FYI: on my Laptop I completely uninstalled init, initscripts, sysv-rc, insserv, sysvinit and systemd-. Also I don't parse or run anything from /etc/rcS.d. That "mess" is re-implemented in a cleaner way in my runit boot stage.

Tank-Missile commented 5 years ago

The problem is if I attempt to remove initscripts, sysv-rc, or innsserv, runit-init would be removed as well. God, what a mess. I hope Devuan decides to say "screw backwards compatibility" in this case and fixes runit along with other init systems.

cloux commented 5 years ago

Yes. I forgot to mention that: due to that mess, I also removed the package runit-init and use just the binaries in my system, outside of the package :(
This is currently the only way to get rid of initscripts and the useless getty-run package dependencies. What a mess indeed.

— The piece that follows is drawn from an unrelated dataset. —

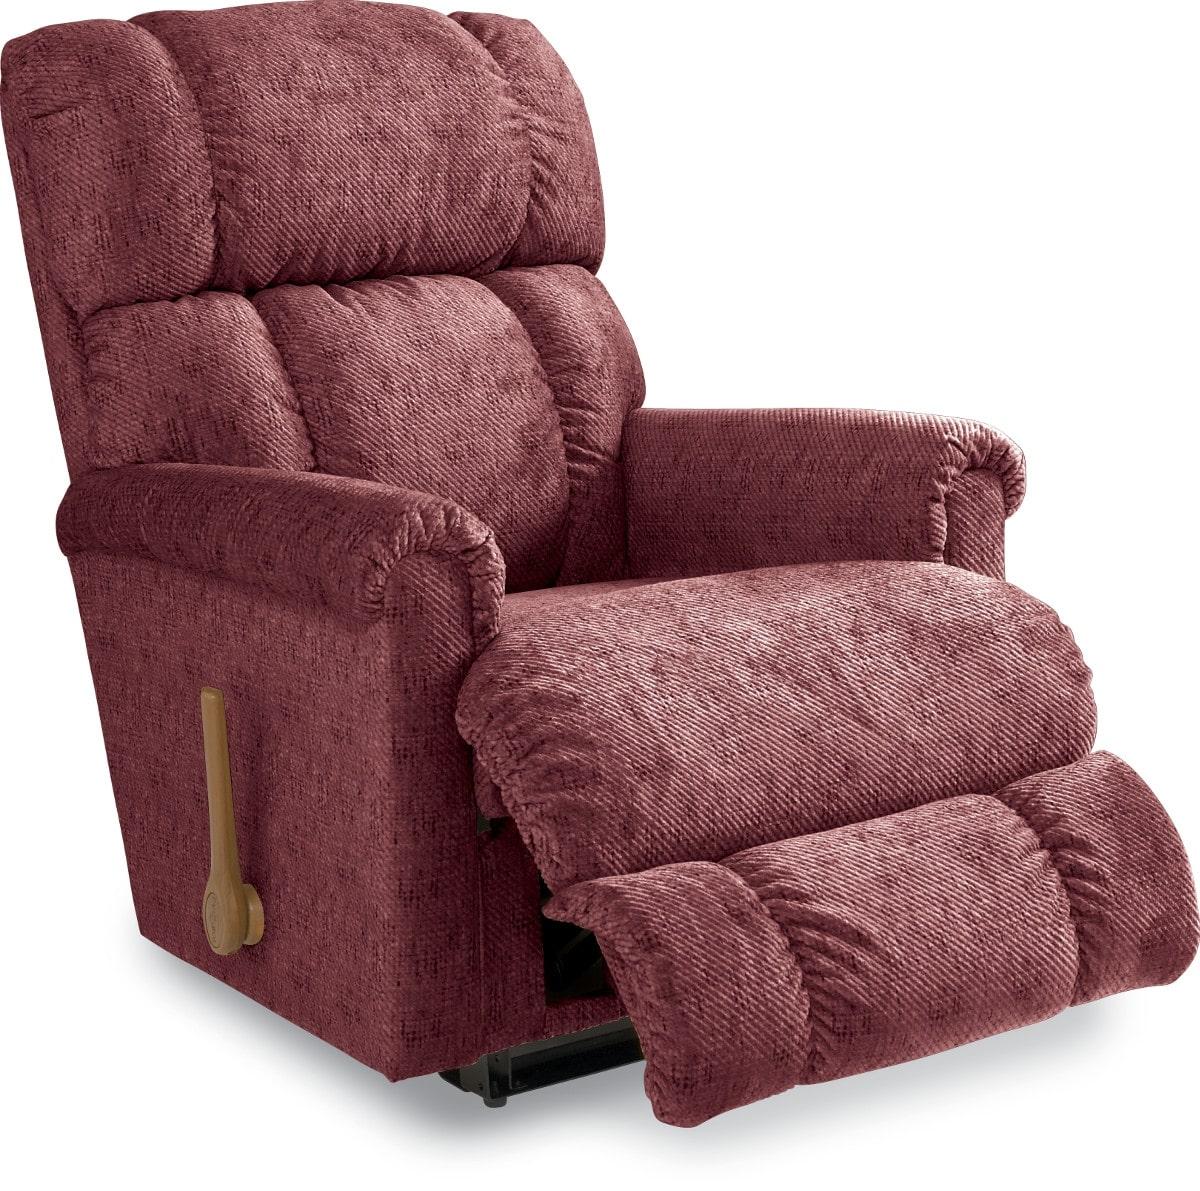 leather sofas cheap prices coronado reclining sofa la-z-boy furniture

As far as I know, Devuan just pulls runit packages from Debian, there seems to be no difference in dependencies. Currently my runit-init says Origin: Devuan:3.0/testing, Maintainer: Dmitry Bogatov KAction@debian.org

From what I've seen, there seems to be no separate development for runit in Devuan (or anywhere else, except Void). And yes, these packages are not maintained in a way that would make it easy or possible to switch to runit at any level. Fixing and manual labor is expected.

I will provide a simple "installer" - scriptable system that will make it easy to make these system changes outside of the repository, in a maintainable and repeatable manner. Hopefully.